Figure 3. LAP+Foxp3− T cells inhibit naïve CD4+ T cell proliferation in vitro.

Naïve CD4+ T cells from OT-II TCR transgenic GFP/Foxp3 reporter mice were cultured with T-depleted splenocytes and OVA peptide (1 μM) in the presence of exogenous TGF-β (10 ng/ml). Cells were analyzed and sorted on day 4. (a) Top: Foxp3 versus LAP staining on CD4 T cells before and after culture.
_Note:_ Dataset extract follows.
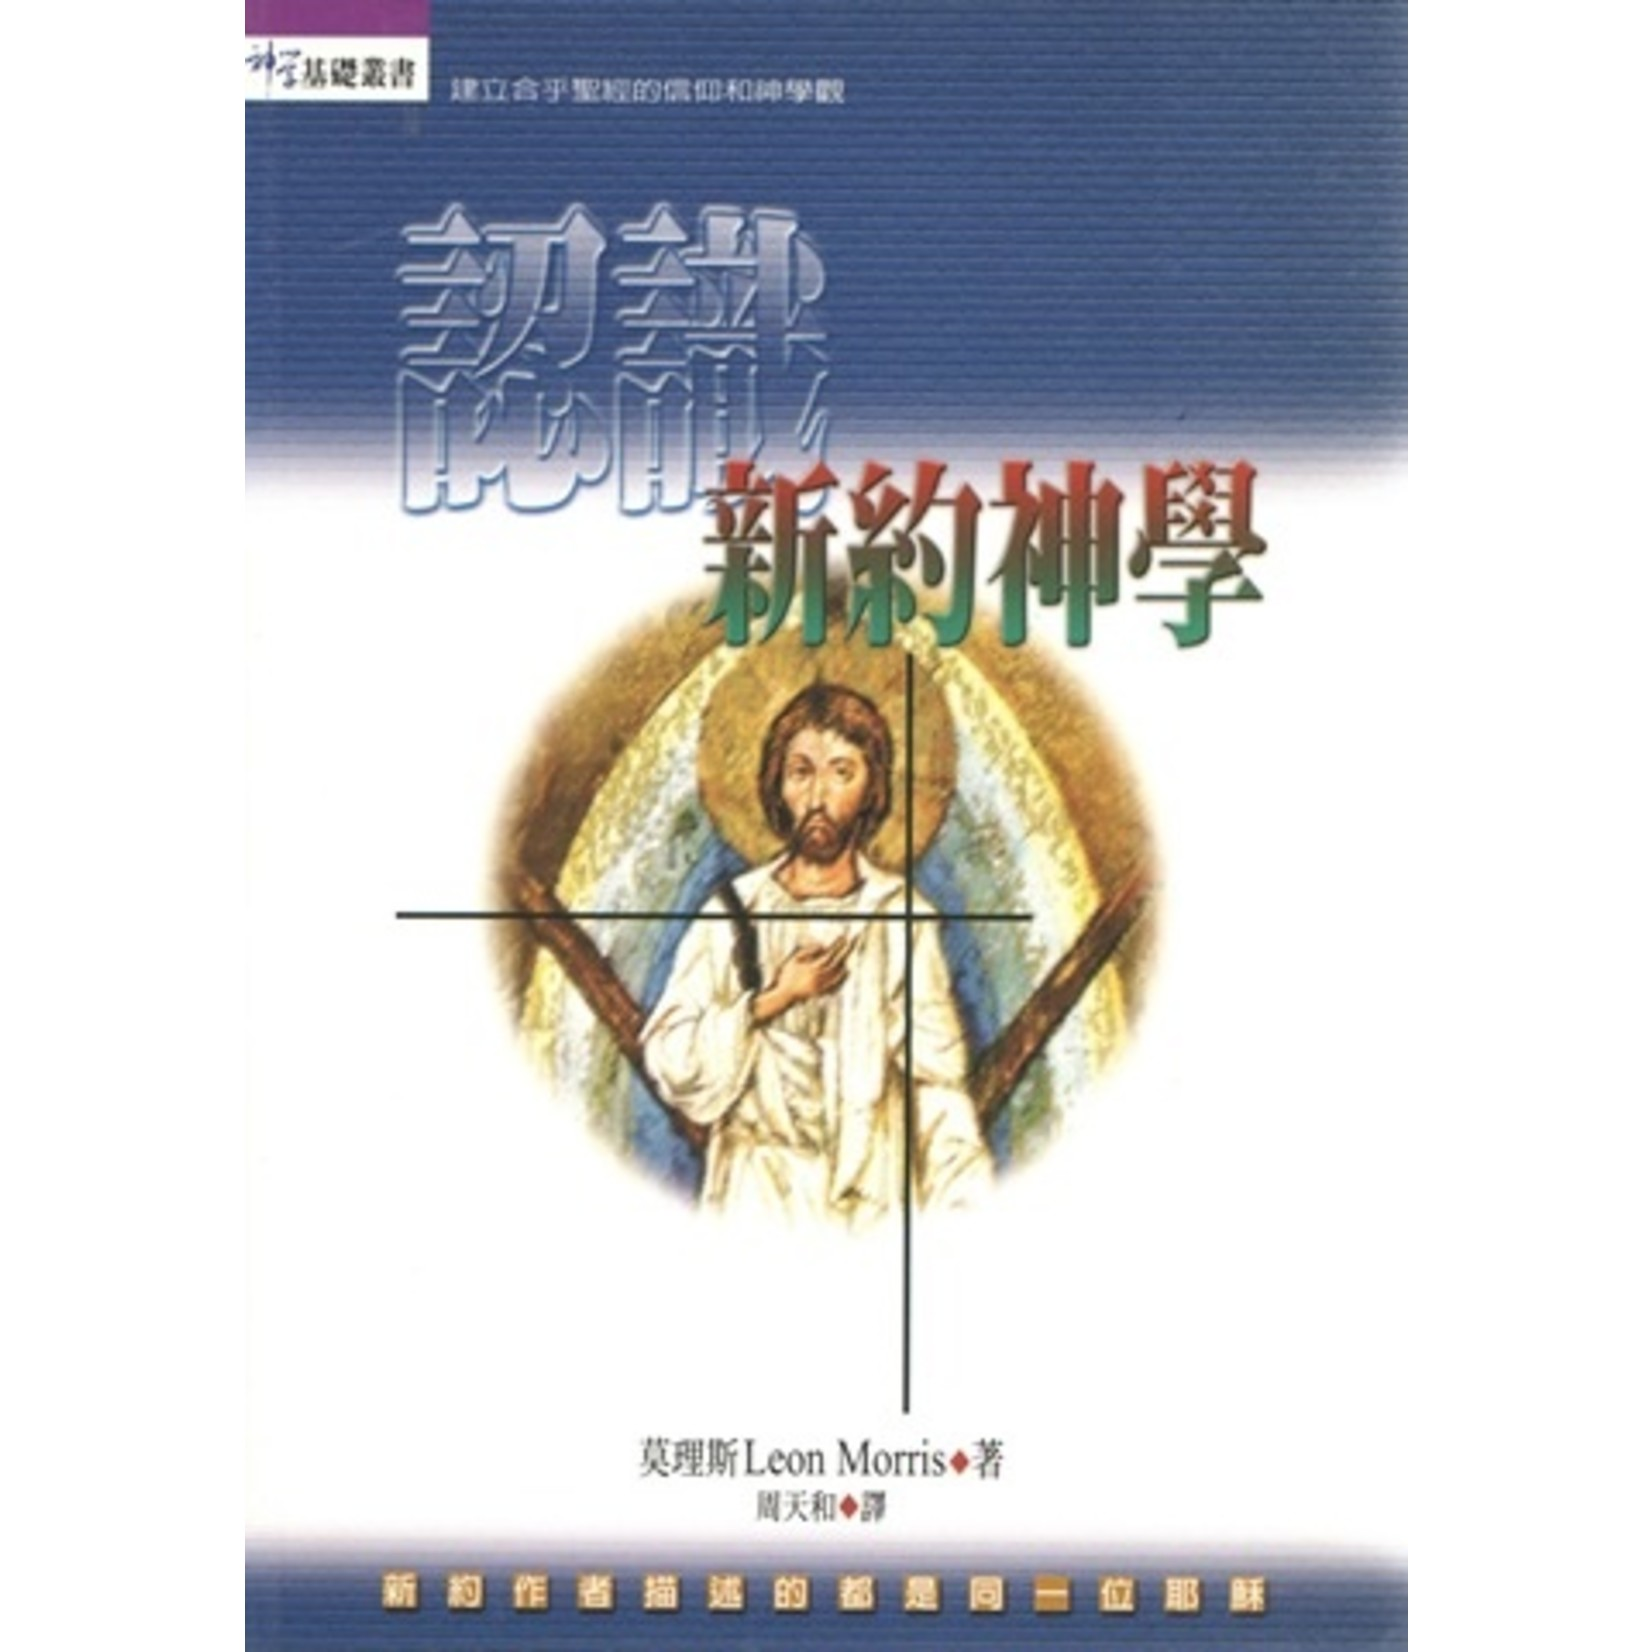 校園書房 Campus Books 識新約神學 New Testament Theology

Bottom: Purity of the sorted LAP+Foxp3− and LAP−Foxp3+ CD4+ T cell populations. (b) Foxp3 mRNA levels in sorted LAP+Foxp3− and LAP−Foxp3+ populations, analyzed using real-time PCR. Data are normalized to the housekeeping gene GAPDH. (c–d) FACS sorted LAP+Foxp3− and LAP−Foxp3+ OT-II T cells (1 × 10⁵) were cultured, alone or at varying ratios with naïve CD4+CD25− OT-II T cells, plus irradiated (3000 rads) syngeneic splenocytes in the presence of 0.5 μM OVA peptide. (c) Proliferation was assessed after a pulse with [³H] thymidine for the last 16 h of a 72-h incubation period. Data are presented as means ± SEM. (d) Responder naïve T cells were labeled with PKH26 dye and division was assessed by loss of the dye after 3 days. Data represent one out of three independent experiments. *P < 0.05.